We walked on and I was all of a sweat. We were ‘going steady’ and the full force of these soul-treading words came to me now, because if she hadn’t been having it with Alfie, then my little plan to ensnare her into having it with me had done nothing more than ease me into getting ensnared by her. It was hard to say who had set out to get who, but we had certainly got each other now, and that was a fact. She took my arm and leaned on my shoulder as if heaven were about to open and belt down the chimes of multiple church bells on to us. Passing a bus-stop queue I felt as if people were weighing us up in their different ways, thinking that there went another nice young couple to the altar in a few more months. An old man seemed to smile and smirk in the twilight and I felt like thumbing my snout and saying: ‘That’s what you bloody-well think, mate.’ But I squeezed my sweetheart’s hand, and kissed her when we reached the shadow of a hedge.

‘I thought you was a bit quiet,’ she said. ‘I hope that made you feel better.’

‘It did, duck.’

‘Are you coming home with me tonight, Michael?’
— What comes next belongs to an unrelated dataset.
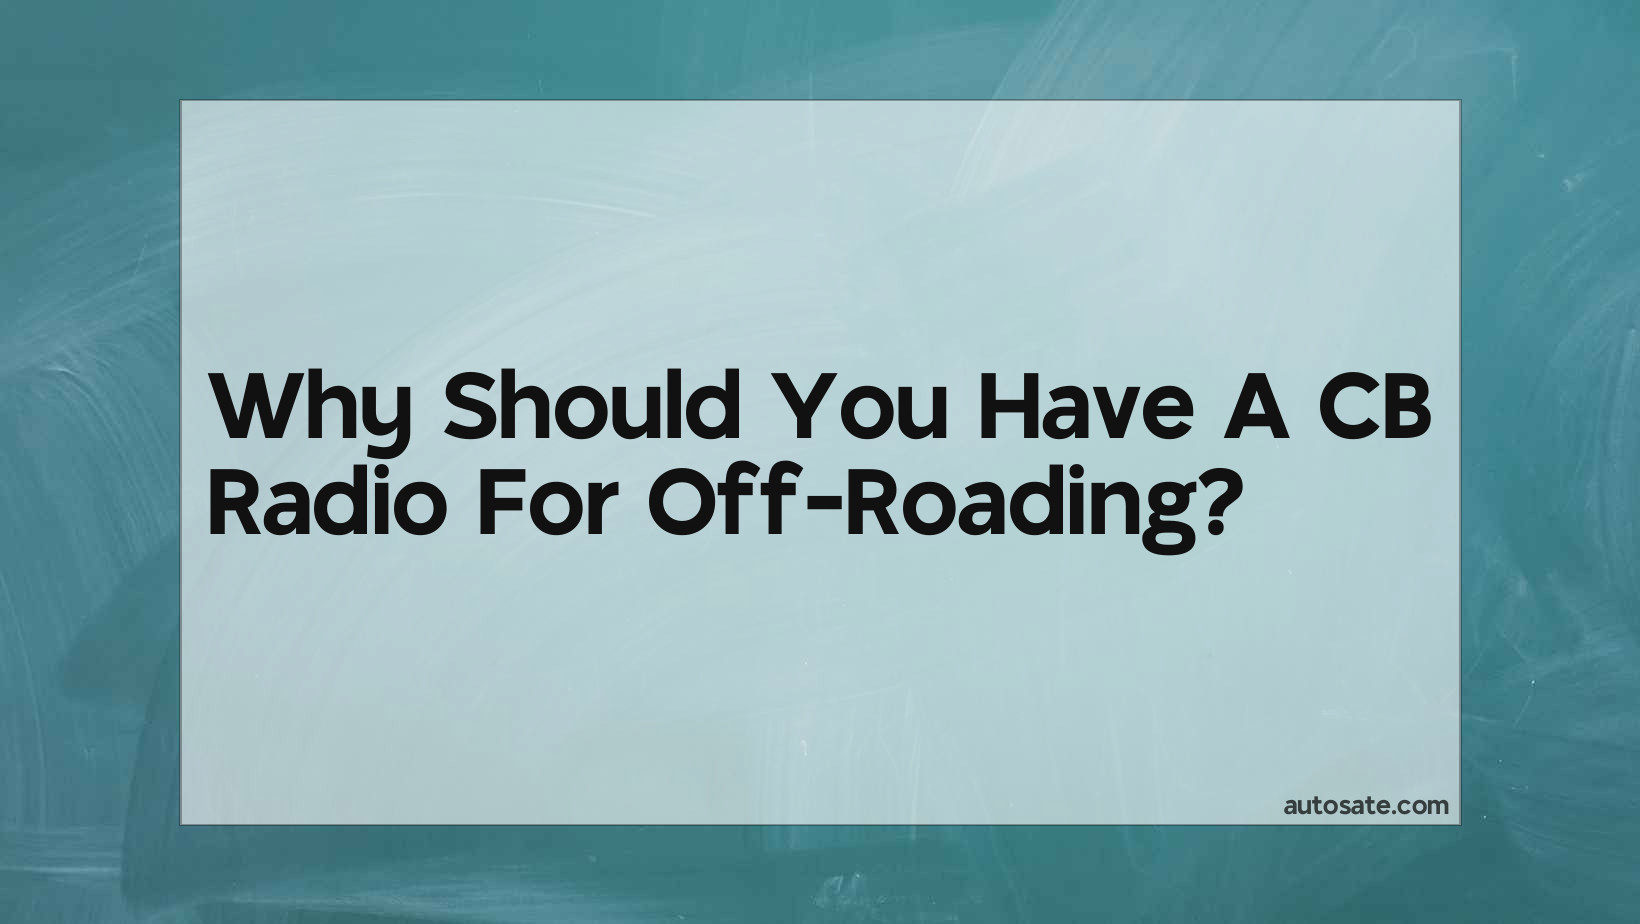 Why Should You Have A Cb Radio For Off-Roading

‘I don’t think so. I’ll miss the last bus.’

‘Tired?’

‘Not me.’ But I wouldn’t go to her house because that would put the seal on it, for if her parents liked us, we were as good as engaged, and this I couldn’t stomach. There’d been a terrible rash of early marriages at work among the nineteen-year-olds, and I sometimes got the liver-jitters at Claudine’s seriousness. It seemed as if I was being dragged towards a chute not too far in front, and that once on the brink I’d fall into a canning machine and come out at the other end with Claudine in the same tin marked IDEAL MARRIAGE. Where I got this terror from I don’t know, though I suppose it was natural at such an age. Perhaps I didn’t feel like getting tangled in something my mother had never entered into. She was one of those free and independent women who believed they were the equal of any man providing they didn’t get married, so we got on well together as long as we didn’t say much about the way we wanted to live. As a child she’d been thin in the frame, but now she was nearing forty and had put on weight. Men were still like flies around her, though she rarely brought them to the house. When she did I kept out of the way, for I was embarrassed at her getting from them what I was now so assiduously giving to Claudine.
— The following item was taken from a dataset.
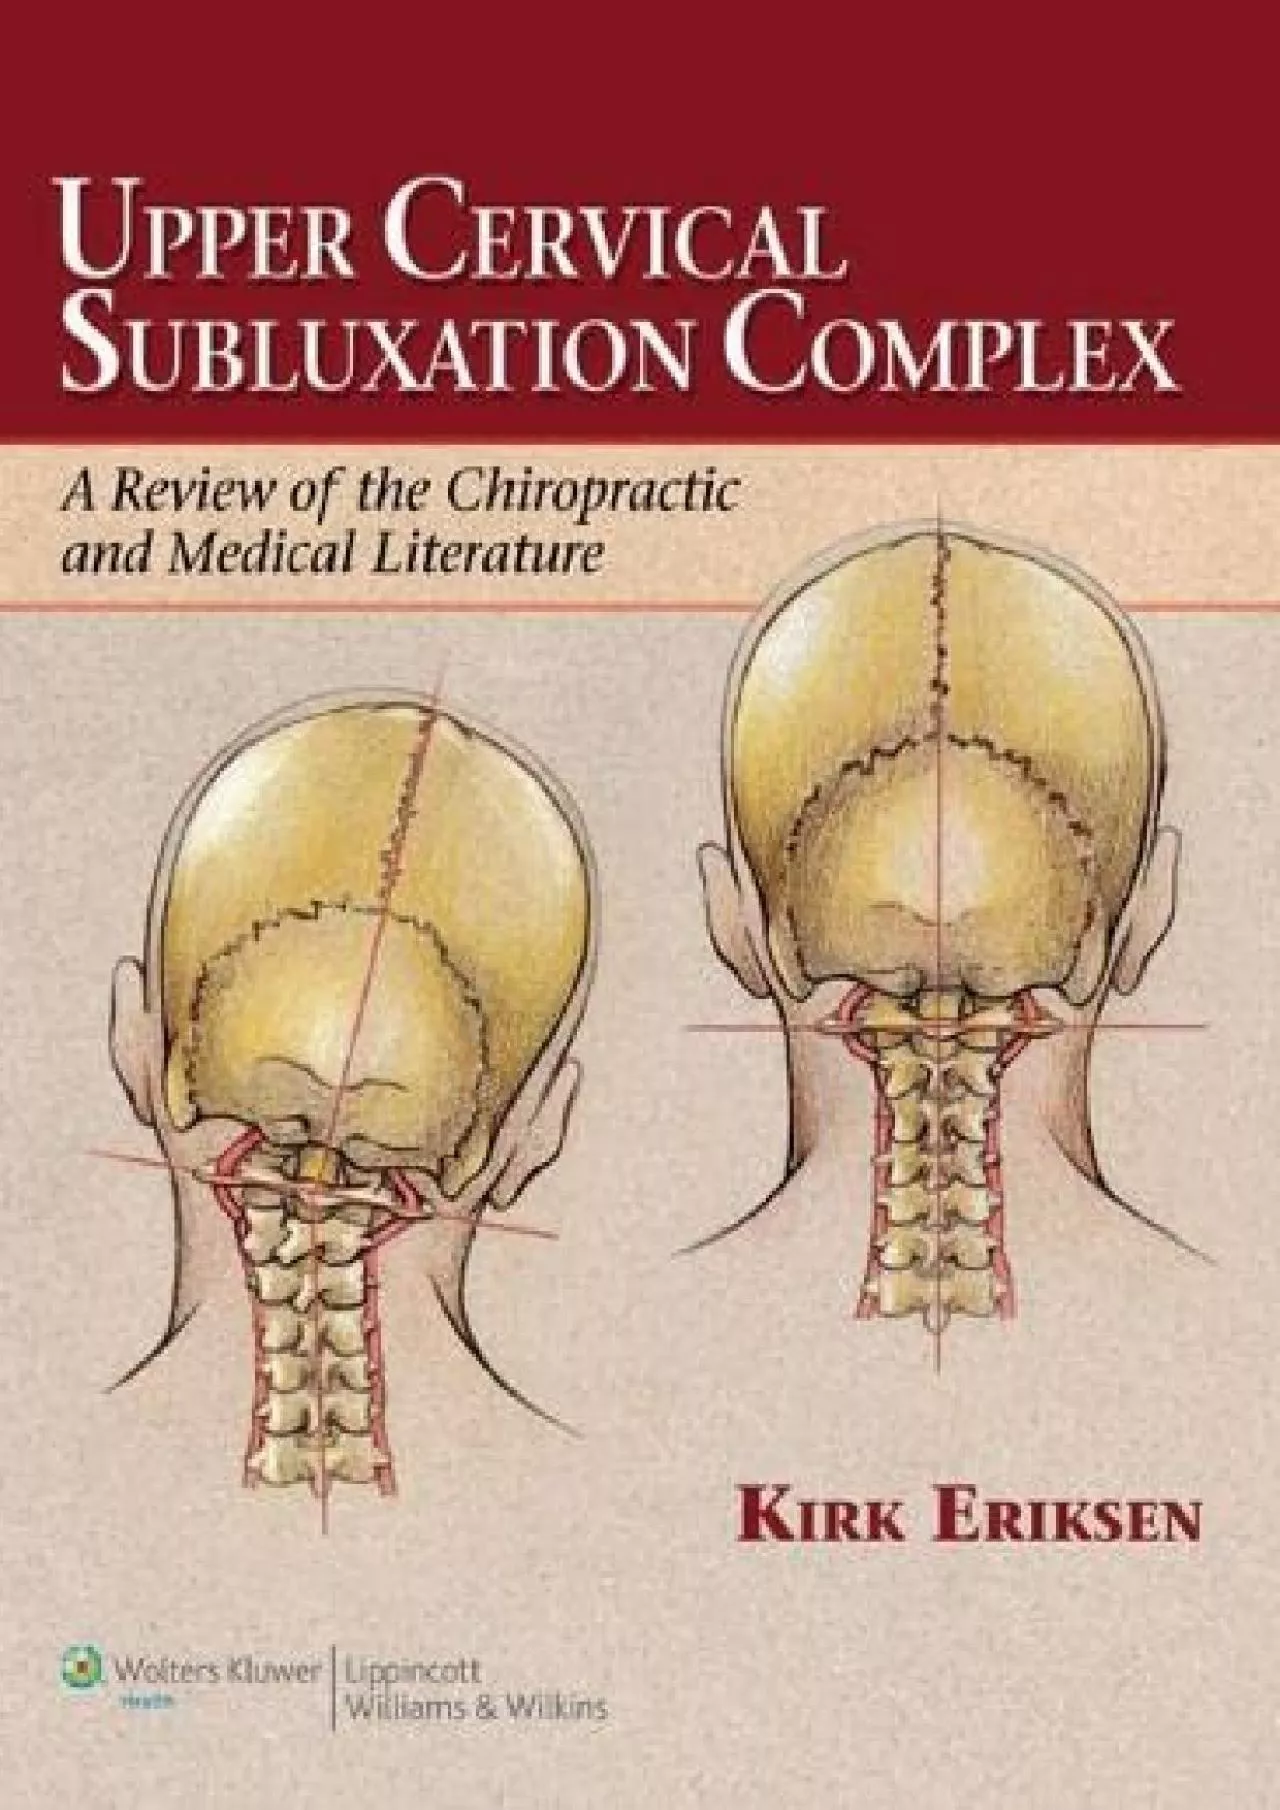 (DOWNLOAD)-Upper Cervical Subluxation Complex: A Review of the Chiropractic and Medical

I was absorbed in what I called the three — ings: reading, working, and fucking, and I did all three to the best of my time and ability. But now that I was beginning to feel too tightly held in my closeting with Claudine, I saw that after all one wasn’t made as wise by reading good books as I had thought. I could read, but not at the same time learn, which made it all seem a bit of a gyp, till I laughed it off on realizing that good books were only as much of an escape from the world as sex-and-gangster stories. The solution to this was not to give up reading, which had hit me early as a cure to some disease whose name I did not know, but to go on getting more out of life on the one hand, and learning more from it on the other. There’s no doubt I was mixed up in my feelings, but at least I wasn’t crazy in it as well. Believing this only proved how crazy I really was, though the assumption that I had cool sense stopped me going round in circles, and at least led me to feel I was the most important person in the world.

In the factory, I was tolerated more than employed, though I must have been worth the eight pounds handed to me every Friday night. I carried bales of cloth from the stores to the cutting rooms, sometimes loading finished garments on lorries that drew up to the warehouse bay. The one advantage was getting suits of clothes at a discount, and occasionally for nothing when I worked up nerve enough to walk brazenly out with one wrapped in my overalls. In spite of my slackness, some intelligence had been noted when I suggested a way of speeding up the transport of cloth from one department to another, and the general manager asked one day if I wouldn’t like to work in the office. Wallace Pushpacker had been a major in the Army, had a blustery face and a thick ginger moustache, and I believe he expected me to jump at the chance as a kind of promotion, but he was taken by surprise when I said in a voice as quick and sharp as his that I’d like to think about it first.